See what I mean? There doesn't seem to be anything supernatural or science fiction-y going on here, no enemies, no platforming, no collectibles, none of these superficialities that we're so used to from this medium that exist to create rather un-life-like senses of challenge and victory and accomplishment. Lake is one of those few games that looks like it defines victory and accomplishment differently; subjectively. It's a choose-your-own-adventure narrative game with significant free-roaming elements. The protagonist trades her urban career in software development to fill in for her dad delivering mail for a couple weeks back in her small birth town in Oregon. Simple, straightforward, yet, at least to me anyway, interesting premise, yet with a set-up that, unlike too many simulation games, seems as character-driven rather than mechanistic and devoid of emotion. There simply aren't enough genuine slice-of-life type games like this out there for my taste. I mean people (including me) often play video games to escape their mundane, boring realities. But sometimes my reality instead gets a little too "exciting" and stressful and my fantasy for a time becomes that of just leading a normal life. This looks like a rare example of a game that could really scratch that latter itch when it strikes.
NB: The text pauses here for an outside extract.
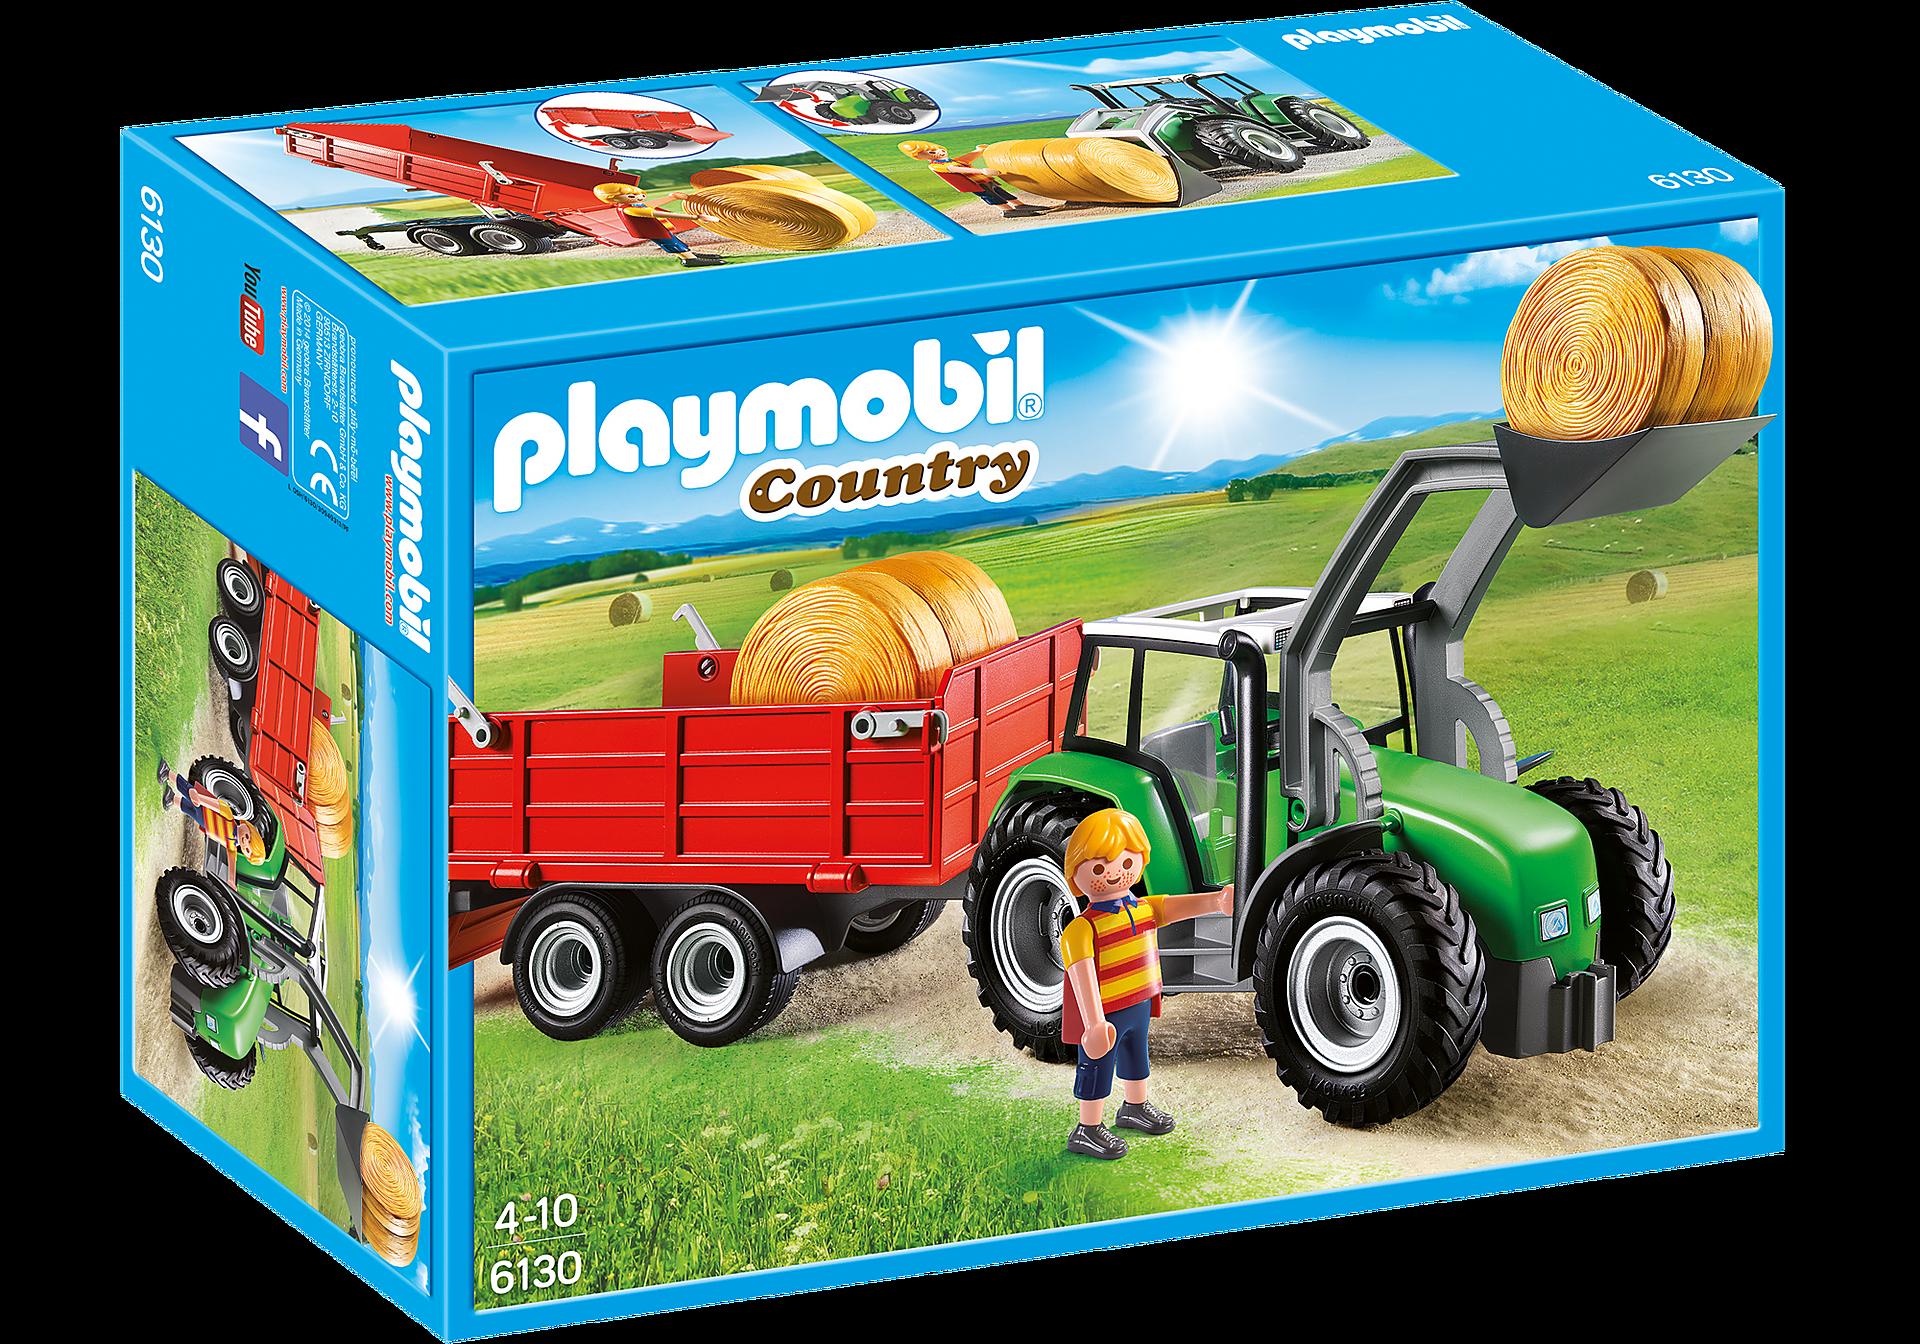 http://media.playmobil.com/i/playmobil/6130_product_box_front/Tracteur avec pelle et remorque
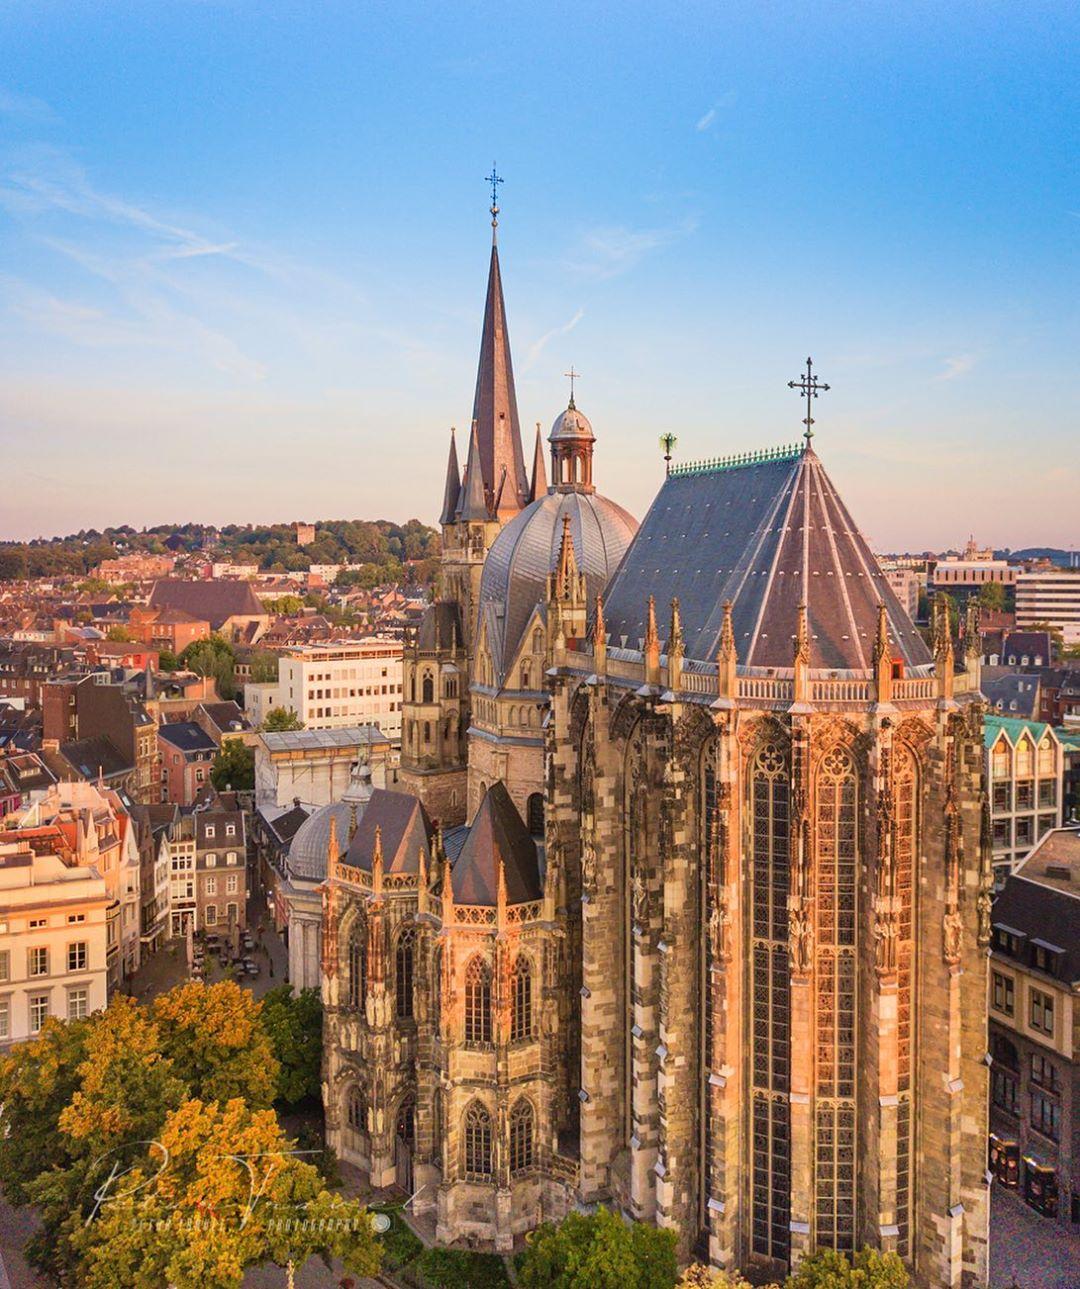 Aachener Dom, Đức

Also, so much of my favorite media seems to be centered in small town Oregon that I've come to adopt it as like my spiritual home; the kind of place I'd most want to move to if I either had to move somewhere or just could. I've developed a real aesthetic attachment to pines and waterside environments and the particular, inquisitive, independent vibe I always get from hearing about smallish Oregon communities. So the choice of setting holds intrinsic appeal to me too. So does the pre-internet time frame and what I've heard of the music. It just seems like such a relaxing, reflective game.

Well that's all. Prolly not a game for everyone, but I think it's got at least the real potential to do something for me. Thought I'd mention it.